-- Recorded data follows --

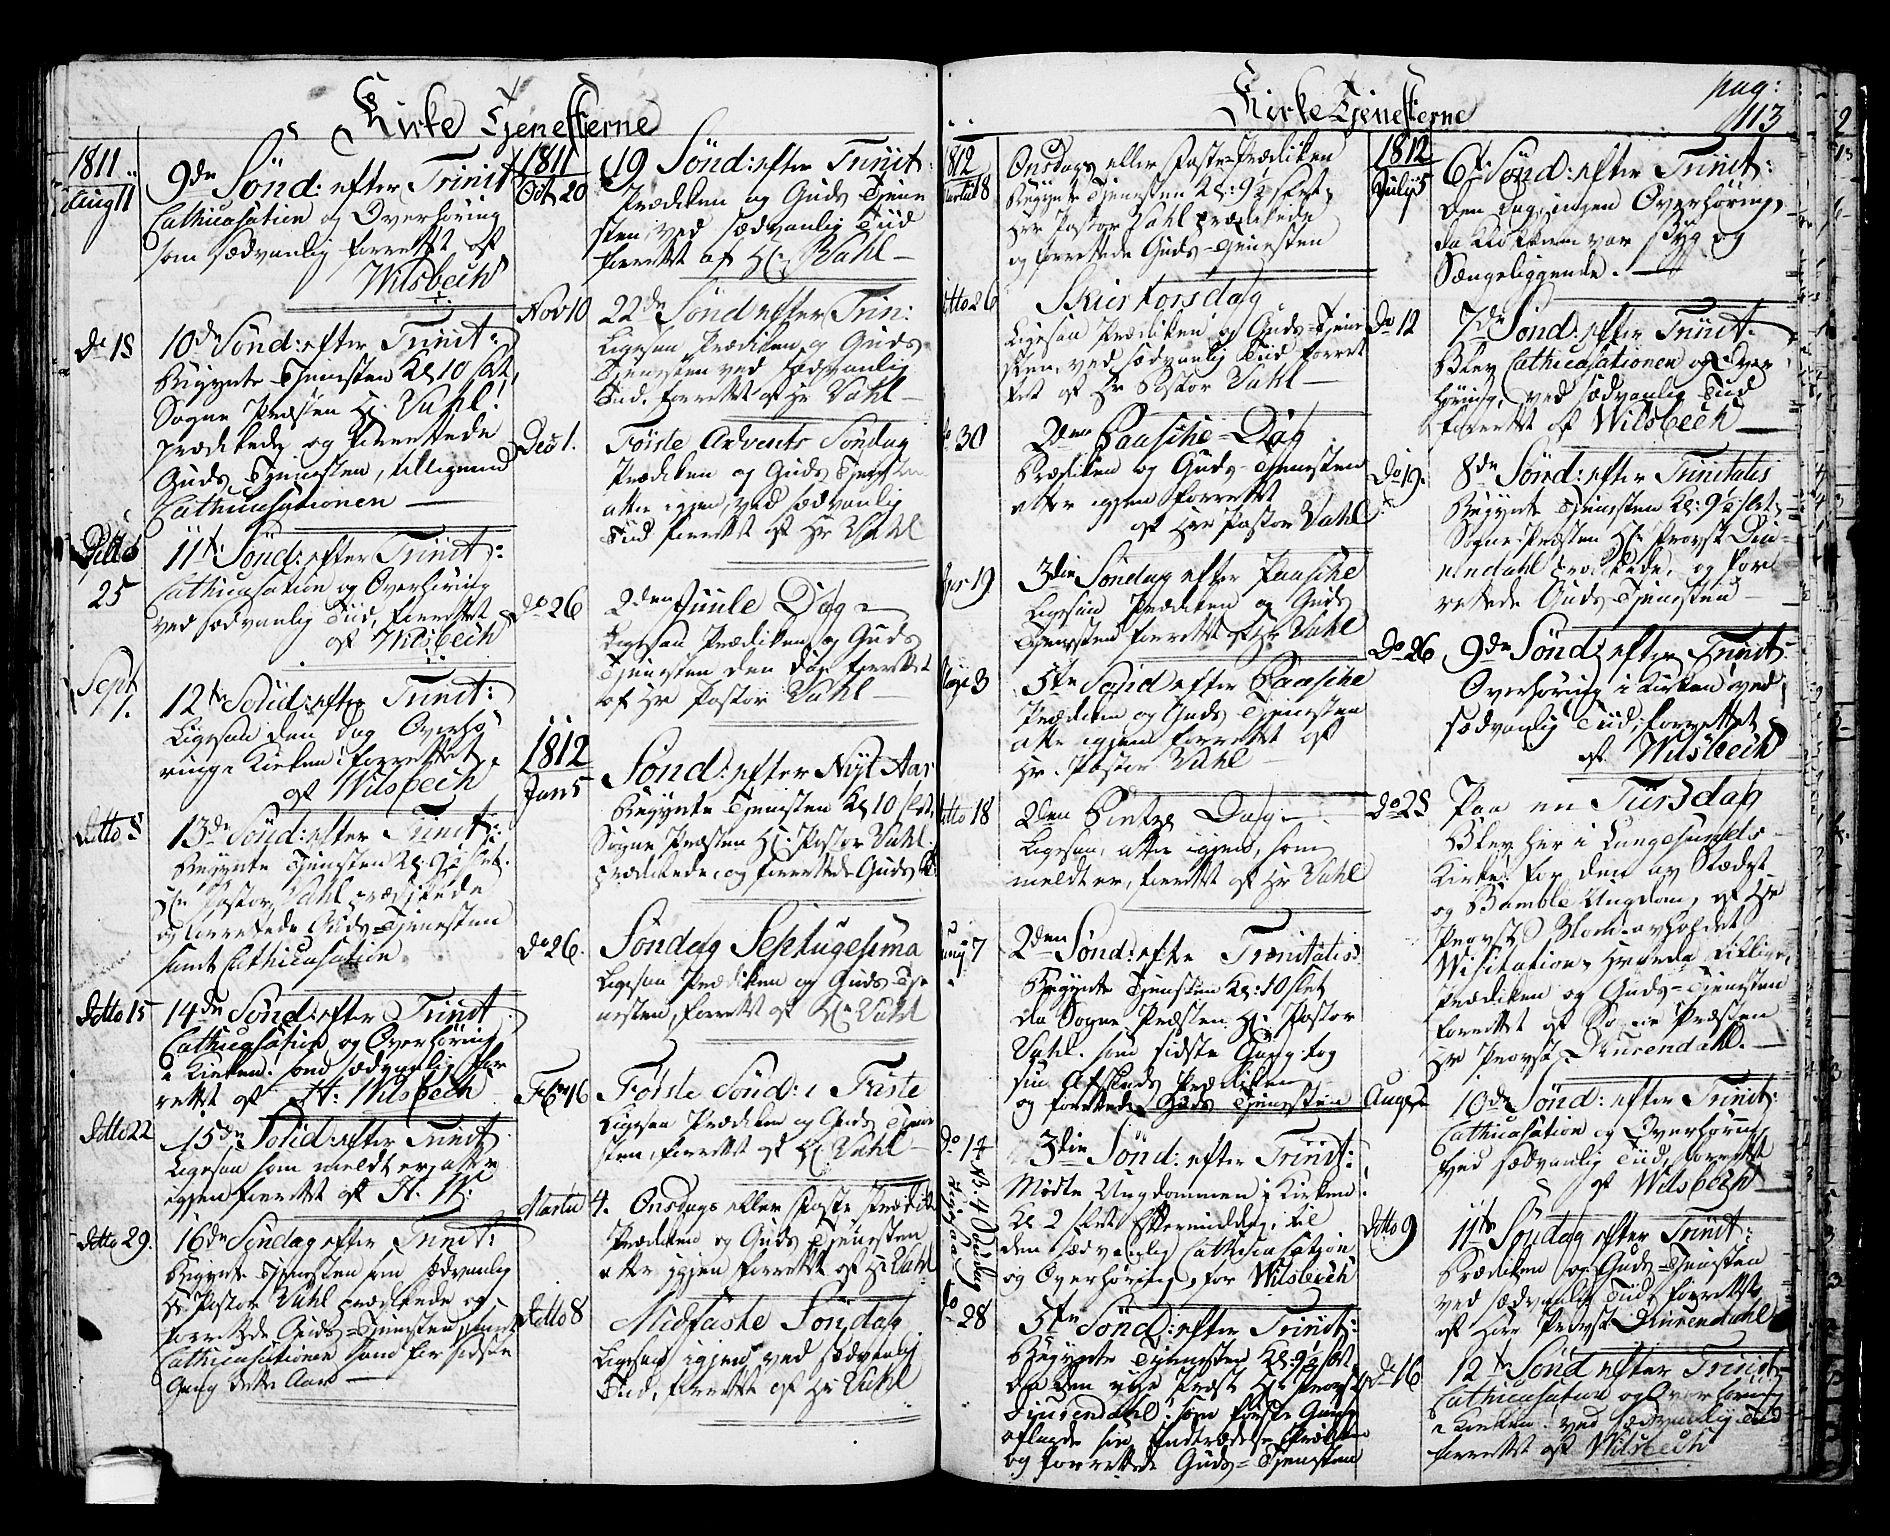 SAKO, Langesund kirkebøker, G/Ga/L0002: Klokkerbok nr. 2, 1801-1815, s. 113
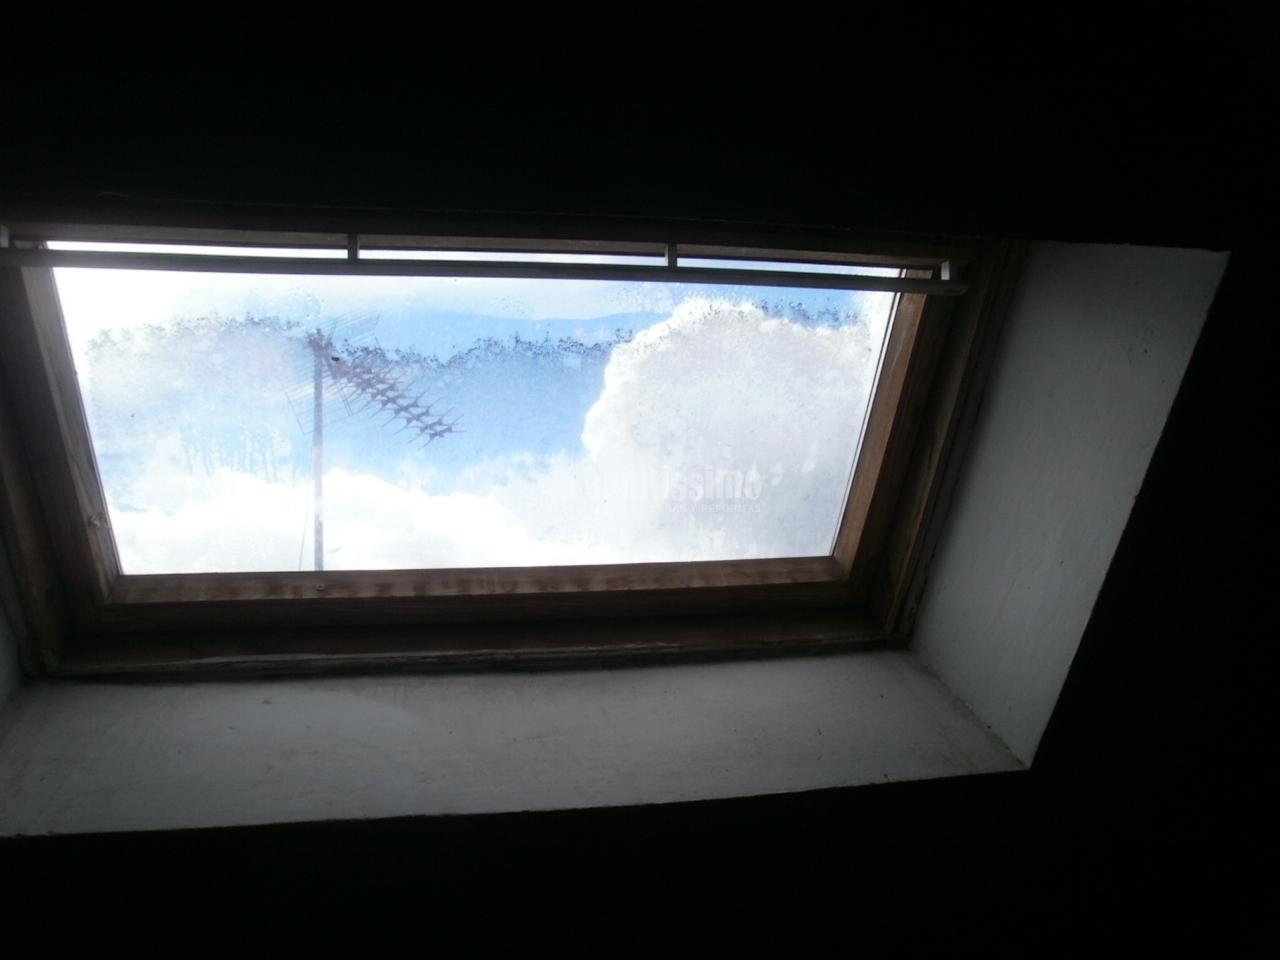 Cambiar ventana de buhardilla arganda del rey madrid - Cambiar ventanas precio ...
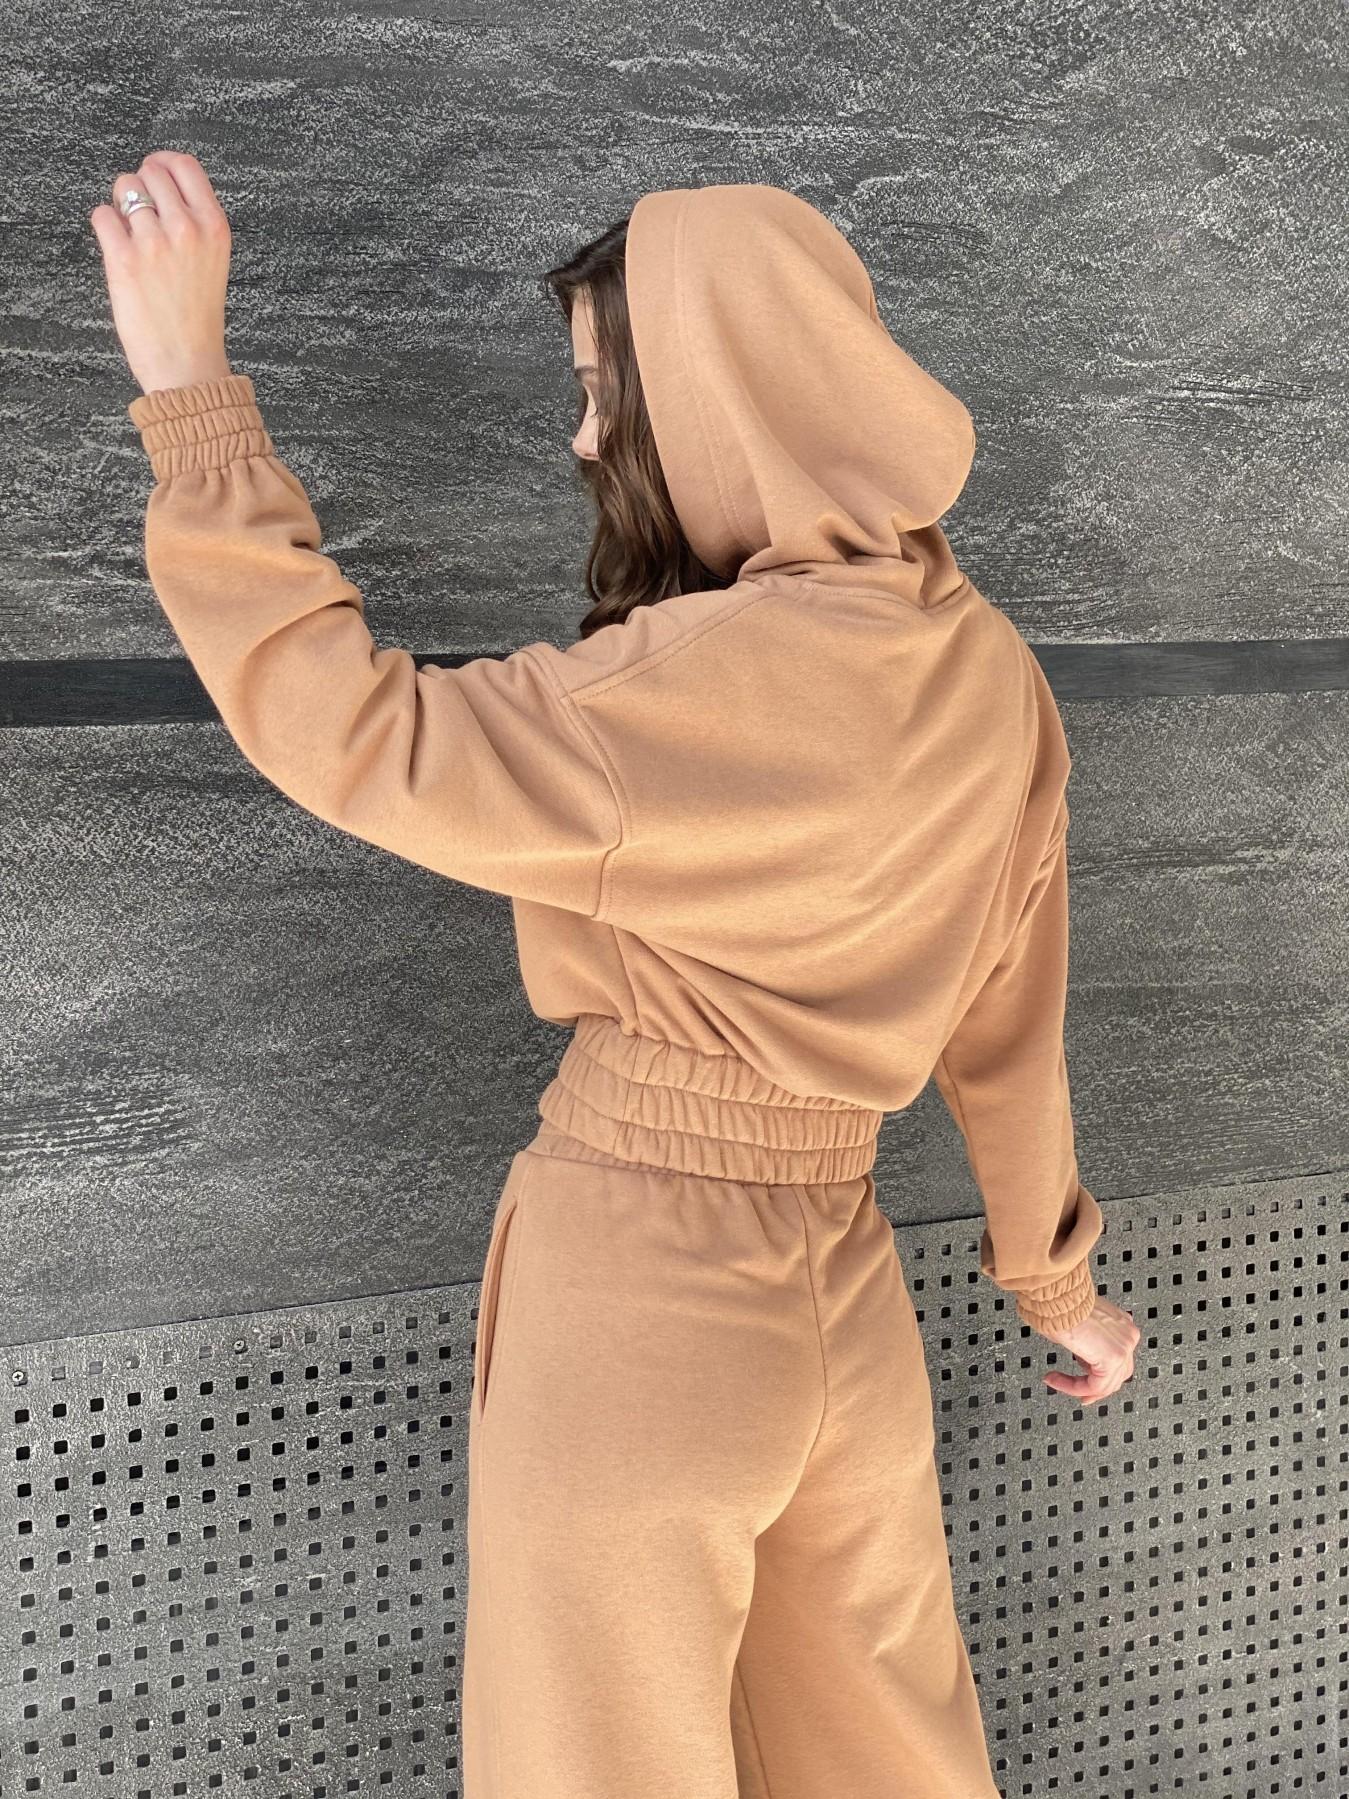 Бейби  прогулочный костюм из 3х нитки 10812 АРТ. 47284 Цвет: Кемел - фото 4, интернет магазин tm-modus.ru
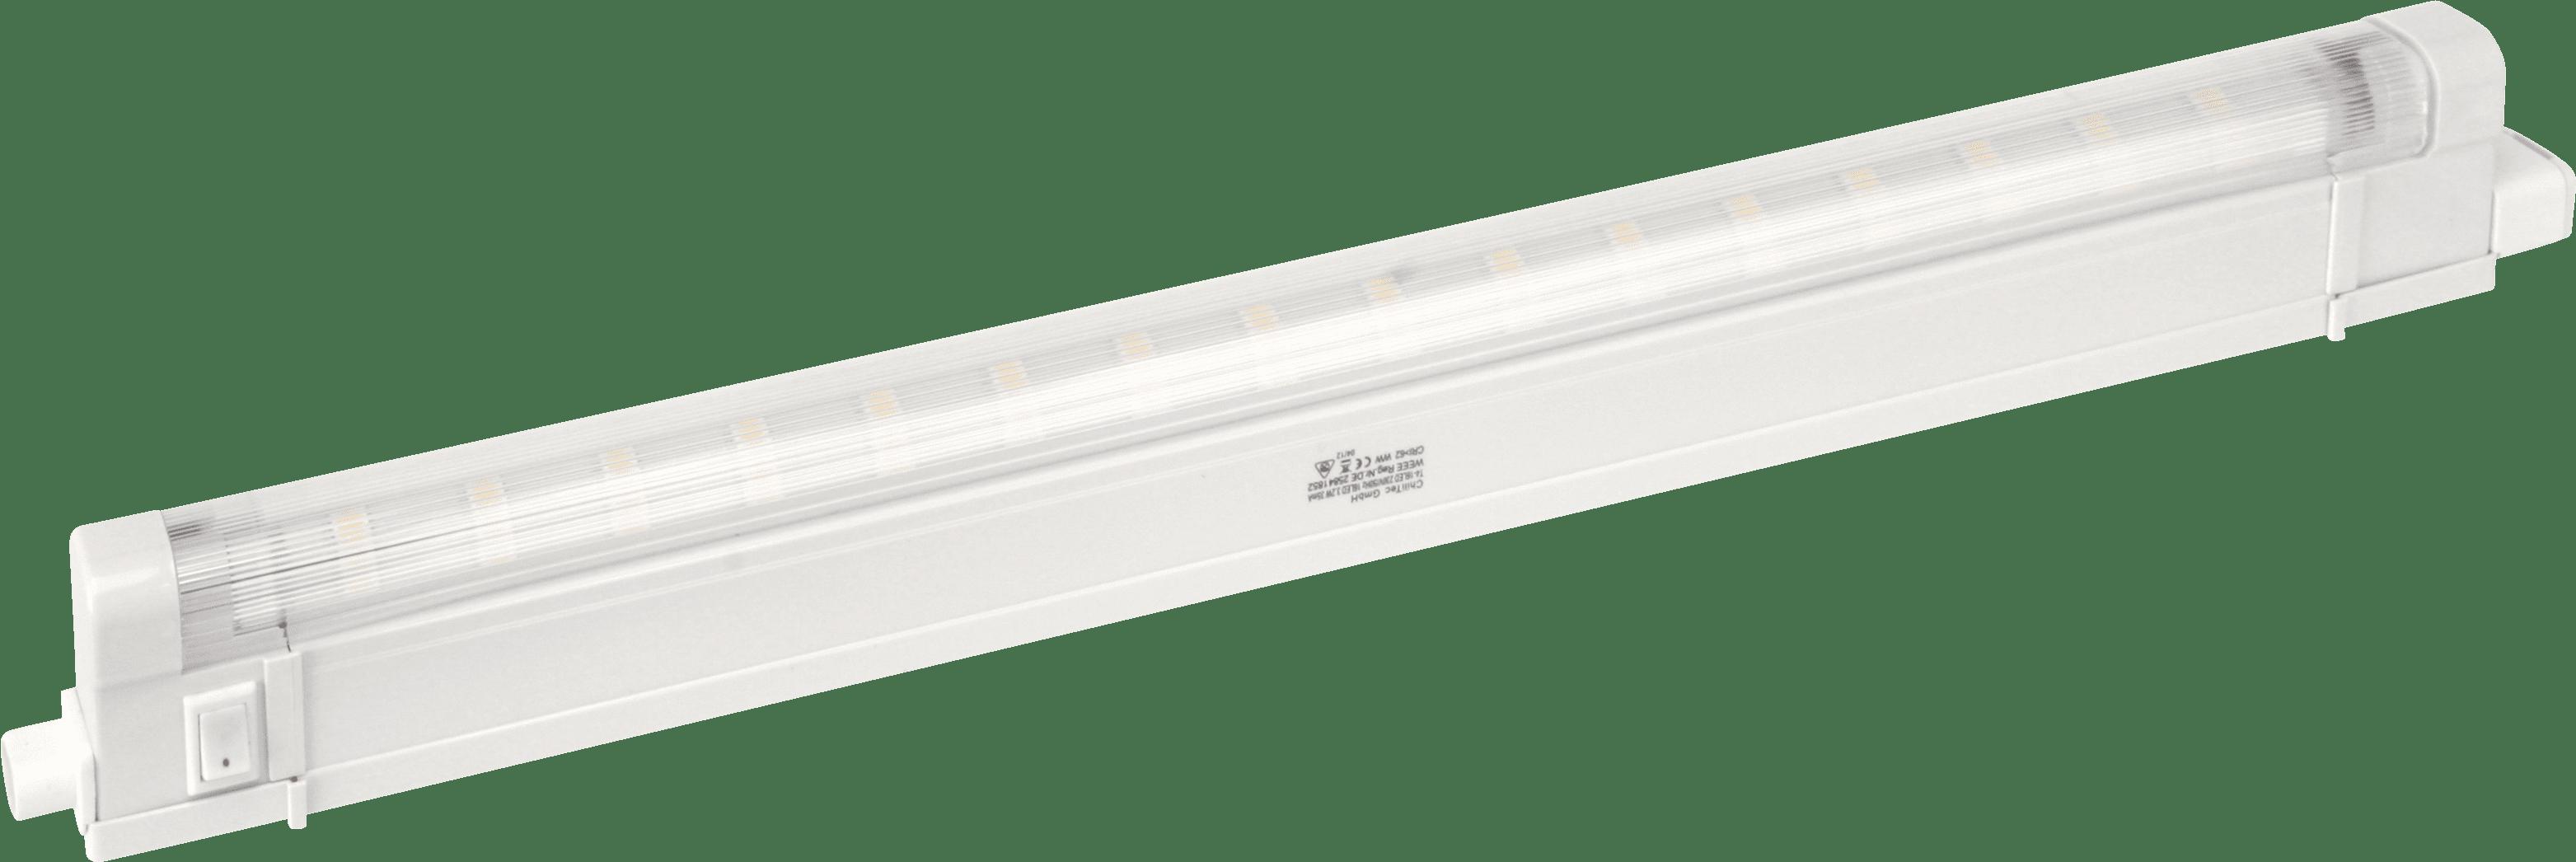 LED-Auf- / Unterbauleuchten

-- Recorded data concluded --

• **Exercise instructions**
From the first line to the last, copy the listing above exactly and leave out the images.

• **Written response**
 SAKO, Langesund kirkebøker, G/Ga/L0002: Klokkerbok nr. 2, 1801-1815, s. 113
 Cambiar ventana de buhardilla arganda del rey madrid - Cambiar ventanas precio ...
 Бейби  прогулочный костюм из 3х нитки 10812 АРТ. 47284 Цвет: Кемел - фото 4, интернет магазин tm-modus.ru
 LED-Auf- / Unterbauleuchten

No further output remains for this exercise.